The SSA “first learned about possible wrongdoing” in 2006, “when a senior case technician and a master docket clerk . . . raised concerns that Daugherty was reassigning Conn's cases to himself and rapidly deciding them in the claimants' favor.” Id. In 2014, the Office of the Inspector General (OIG) identified thousands of applications-all from former clients of Conn-that it “‘had reason to believe,' were tainted by fraud.” Id. at 794. In 2015, with the OIG's consent, the SSA proceeded with redetermination hearings to evaluate the flagged applications. See id. This included Halbert. See DE 11-3 at 14-15 (Notice Remanding Case).
Following a redetermination hearing on February 9, 2016, see DE 16-6 at 2-23 (2016 Hearing Transcript), an ALJ concluded that there was insufficient evidence to find Halbert disabled under the Social Security Act (the Act).
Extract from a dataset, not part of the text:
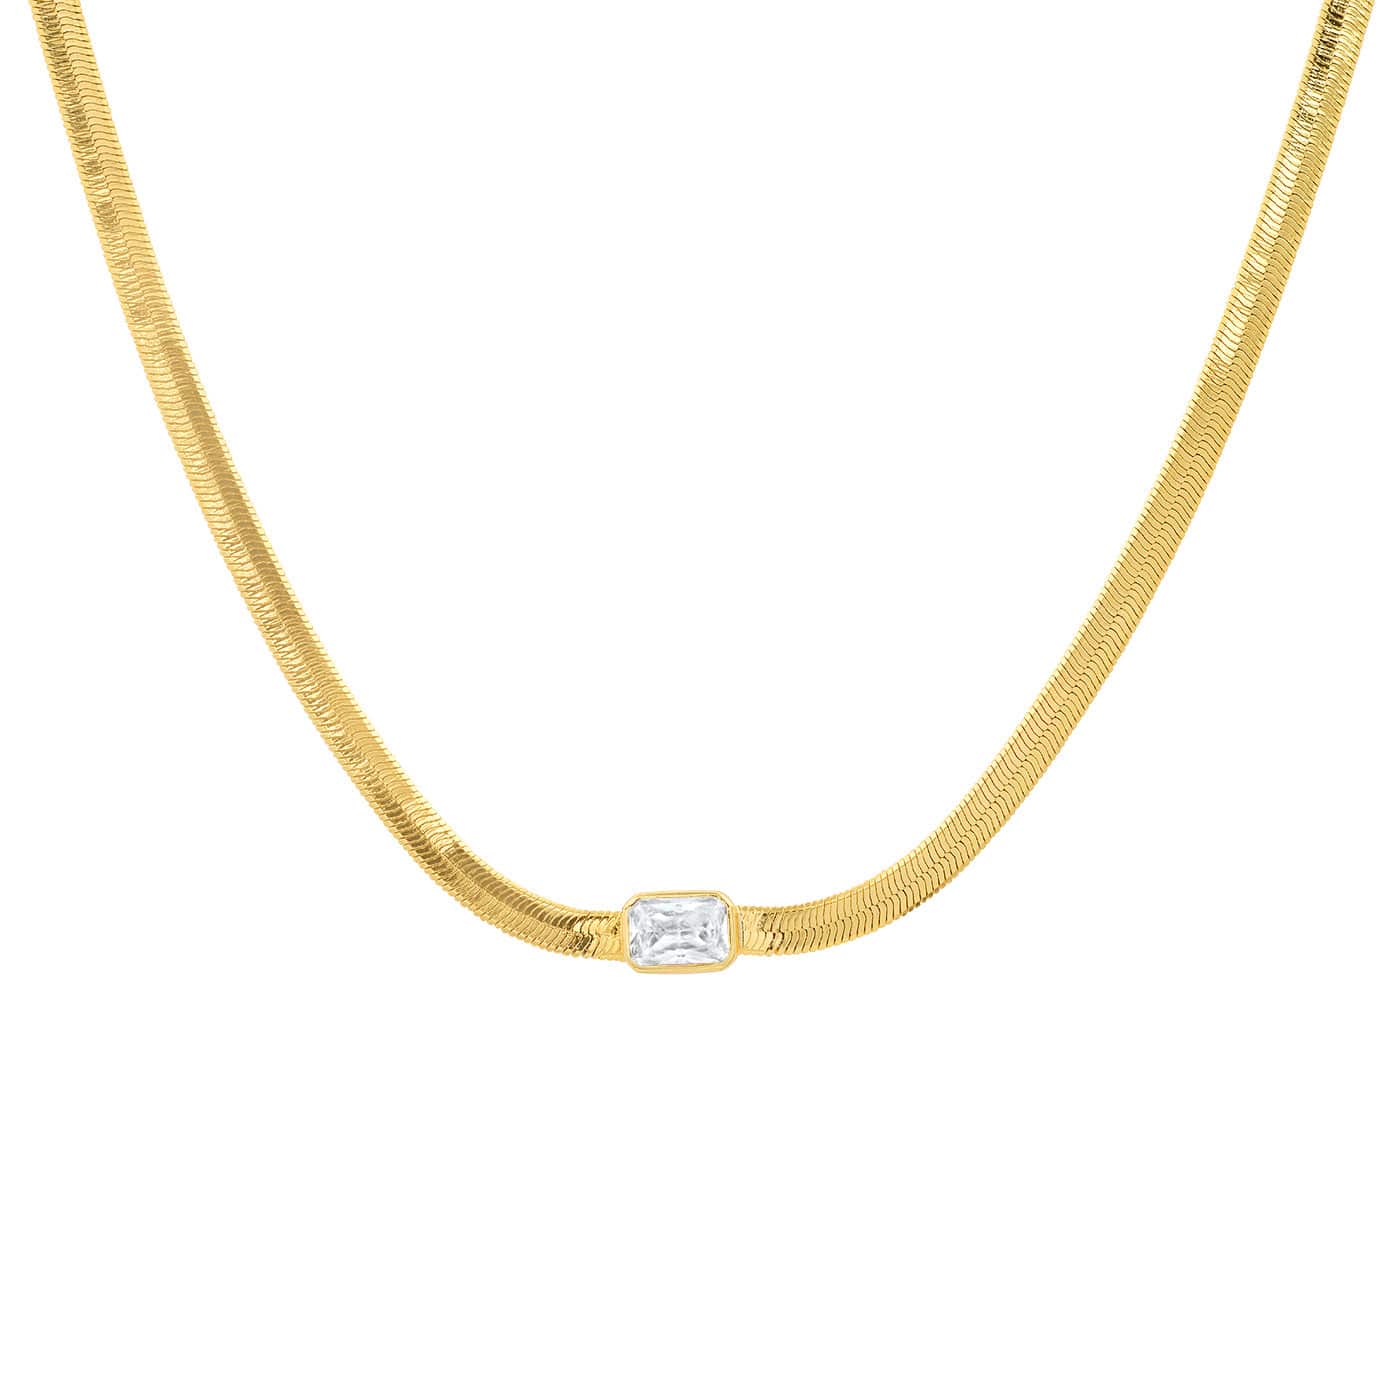 TAI JEWELRY Necklace CLEAR Gold Herringbone Chain with Center Stone

See DE 16-2 at 5-13 (Redetermination Opinion). The Appeals Council denied review of the ALJ's decision, see id. at 22-26 (Notice of Appeals Council Decision), and Halbert sued the Commissioner in federal court. See id. at 30-33 (Halbert v. Colvin, No. 7:16-cv-167, at ¶ 5 (E.D. Ky. Aug. 11, 2016)).
The Court remanded the case in July 2019 to the SSA for a second redetermination hearing, consistent with the Sixth Circuit's decision in Hicks. See DE 16-2 at 34-51 (Halbert, No. 7:16-cv-167, at ¶ 32). Per the Court's order, Halbert's benefits were reinstated until the SSA completed redetermination proceedings. See id. at 51.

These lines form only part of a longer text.